Bayesian Optimisation Over Molecules#
An example notebook for Bayesian optimisation on a molecular dataset using a Tanimoto fingerprint kernel and the photoswitch dataset
Paper: https://pubs.rsc.org/en/content/articlelanding/2022/sc/d2sc04306h
Code: https://github.com/Ryan-Rhys/The-Photoswitch-Dataset
A key aspect of this Bayesian optimisation loop is that the queried molecules, \(\mathbf{x^*}\). are drawn from a discrete set of heldout molecules, \(\mathcal{D}_{\text{heldout}}\). Such situations may arise in virtual screening campaigns where one wishes to select a molecule for synthesis from a virtual library. In this case the acquisition function is evaluated on a discrete set and the maximum of the set is taken as the proposed candidate at each iteration of Bayesian optimisation.
[9]:
"""Imports."""
import time
import warnings
warnings.filterwarnings("ignore") # Turn off Graphein warnings
from matplotlib import pyplot as plt
%matplotlib inline
import numpy as np
import torch
from botorch import fit_gpytorch_model
from botorch.acquisition import ExpectedImprovement
from botorch.exceptions import BadInitialCandidatesWarning
from botorch.models.gp_regression import SingleTaskGP
from gpytorch.distributions import MultivariateNormal
from gpytorch.kernels import ScaleKernel
from gpytorch.likelihoods import GaussianLikelihood
from gpytorch.means import ConstantMean
from gpytorch.mlls import ExactMarginalLogLikelihood
from sklearn.model_selection import train_test_split
from gauche.dataloader import MolPropLoader
We define our model. See
https://docs.gpytorch.ai/en/latest/examples/01_Exact_GPs/Simple_GP_Regression.html
for further examples!
[10]:
from gauche.kernels.fingerprint_kernels.tanimoto_kernel import TanimotoKernel
# We define our custom GP surrogate model using the Tanimoto kernel
class TanimotoGP(SingleTaskGP):
def __init__(self, train_X, train_Y):
super().__init__(train_X, train_Y, likelihood=GaussianLikelihood())
self.mean_module = ConstantMean()
self.covar_module = ScaleKernel(base_kernel=TanimotoKernel())
self.to(train_X) # make sure we're on the right device/dtype
def forward(self, x):
mean_x = self.mean_module(x)
covar_x = self.covar_module(x)
return MultivariateNormal(mean_x, covar_x)

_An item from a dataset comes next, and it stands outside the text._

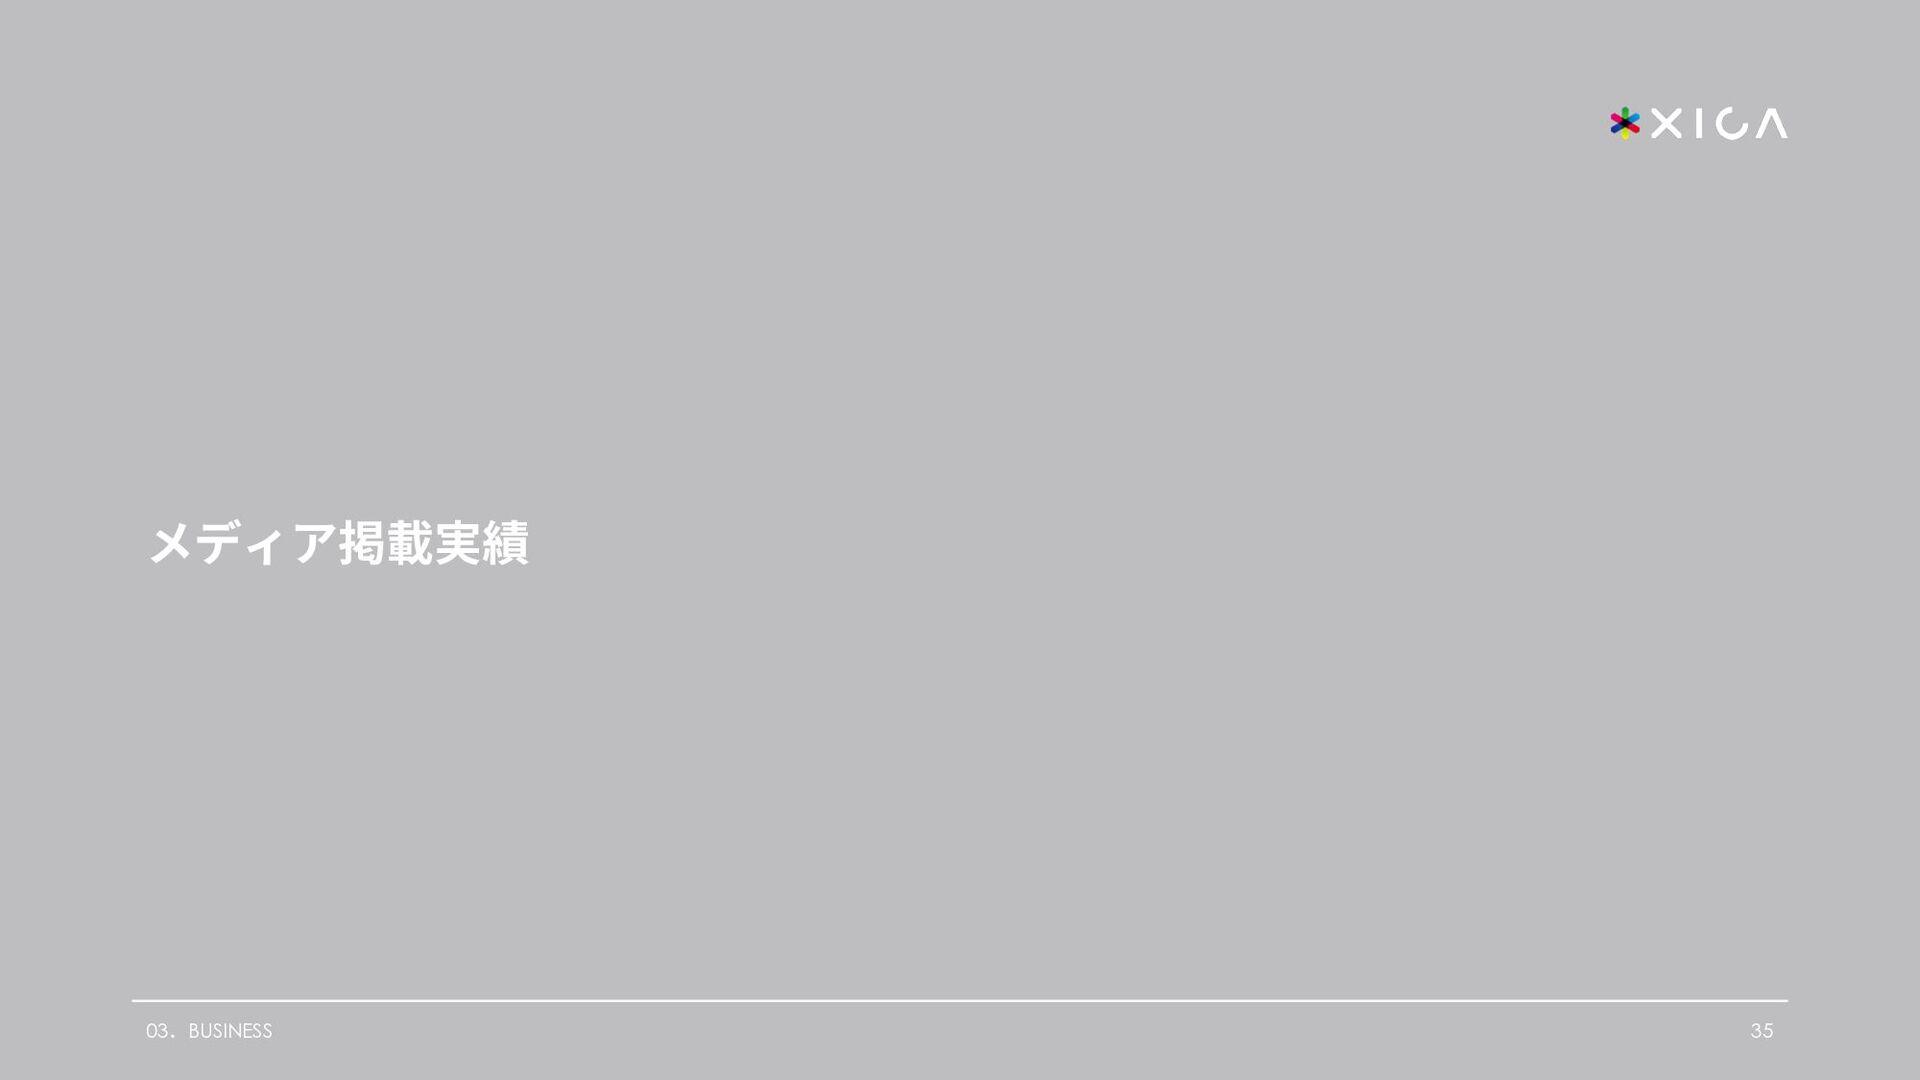 04. ORGANIZATION 35 ORGANIZATION 組織/働き⽅

We define helper functions for the Bayesian optimisation loop. In particular the acquisition function optimisation procedure is framed so as to take the maximum over a discrete set of heldout molecules.
[11]:
def initialize_model(train_x, train_obj, state_dict=None):
"""
Initialise model and loss function.
Args:
train_x: tensor of inputs
train_obj: tensor of outputs
state_dict: current state dict used to speed up fitting
Returns: mll object, model object
"""
# define model for objective
model = TanimotoGP(train_x, train_obj).to(train_x)
mll = ExactMarginalLogLikelihood(model.likelihood, model)

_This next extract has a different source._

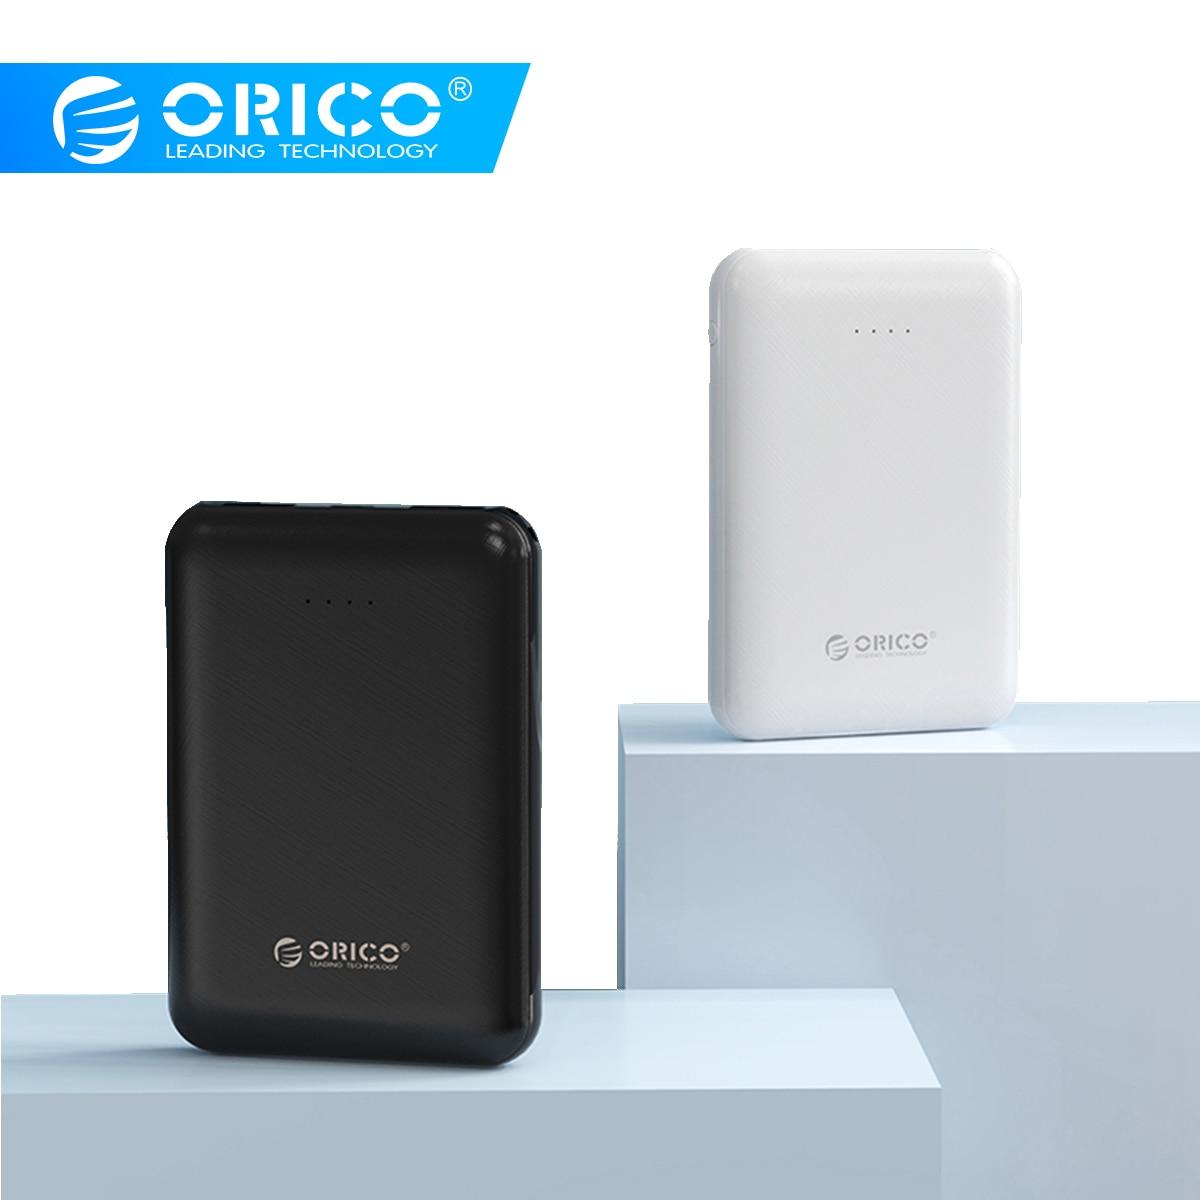 ORICO Mini Slim Power Bank 5000mAh Portable External Battery Mobile Powerbank USB Charging Poverbank For iphone Xiaomi Mi Bank|Power Bank| |  - title=

# load state dict if it is passed
if state_dict is not None:
model.load_state_dict(state_dict)
return mll, model
def optimize_acqf_and_get_observation(acq_func, heldout_inputs, heldout_outputs):
"""
Optimizes the acquisition function, and returns a new candidate and an observation.
Args:
acq_func: Object representing the acquisition function
heldout_points: Tensor of heldout points
Returns: new_x, new_obj
"""
# Loop over the discrete set of points to evaluate the acquisition function at.
acq_vals = []
for i in range(len(heldout_outputs)):
acq_vals.append(acq_func(heldout_inputs[i].unsqueeze(-2))) # use unsqueeze to append batch dimension
# observe new values
acq_vals = torch.tensor(acq_vals)
best_idx = torch.argmax(acq_vals)
new_x = heldout_inputs[best_idx].unsqueeze(-2) # add batch dimension
new_obj = heldout_outputs[best_idx].unsqueeze(-1) # add output dimension
# Delete the selected input and value from the heldout set.
heldout_inputs = torch.cat((heldout_inputs[:best_idx], heldout_inputs[best_idx+1:]), axis=0)
heldout_outputs = torch.cat((heldout_outputs[:best_idx], heldout_outputs[best_idx+1:]), axis=0)
return new_x, new_obj, heldout_inputs, heldout_outputs
def update_random_observations(best_random, heldout_inputs, heldout_outputs):
"""
Simulates a random policy by taking a the current list of best values observed randomly,
drawing a new random point from the heldout set, observing its value, and updating the list.
Args:
best_random: List of best random values observed so far
heldout_inputs: Tensor of inputs
heldout_outputs: Tensor of output values
Returns: best_random, float specifying the objective function value.
"""
# Take a random sample by permuting the indices and selecting the first element.
index = torch.randperm(len(heldout_outputs))[0]
next_random_best = heldout_outputs[index]
best_random.append(max(best_random[-1], next_random_best))
# Delete the selected input and value from the heldout set.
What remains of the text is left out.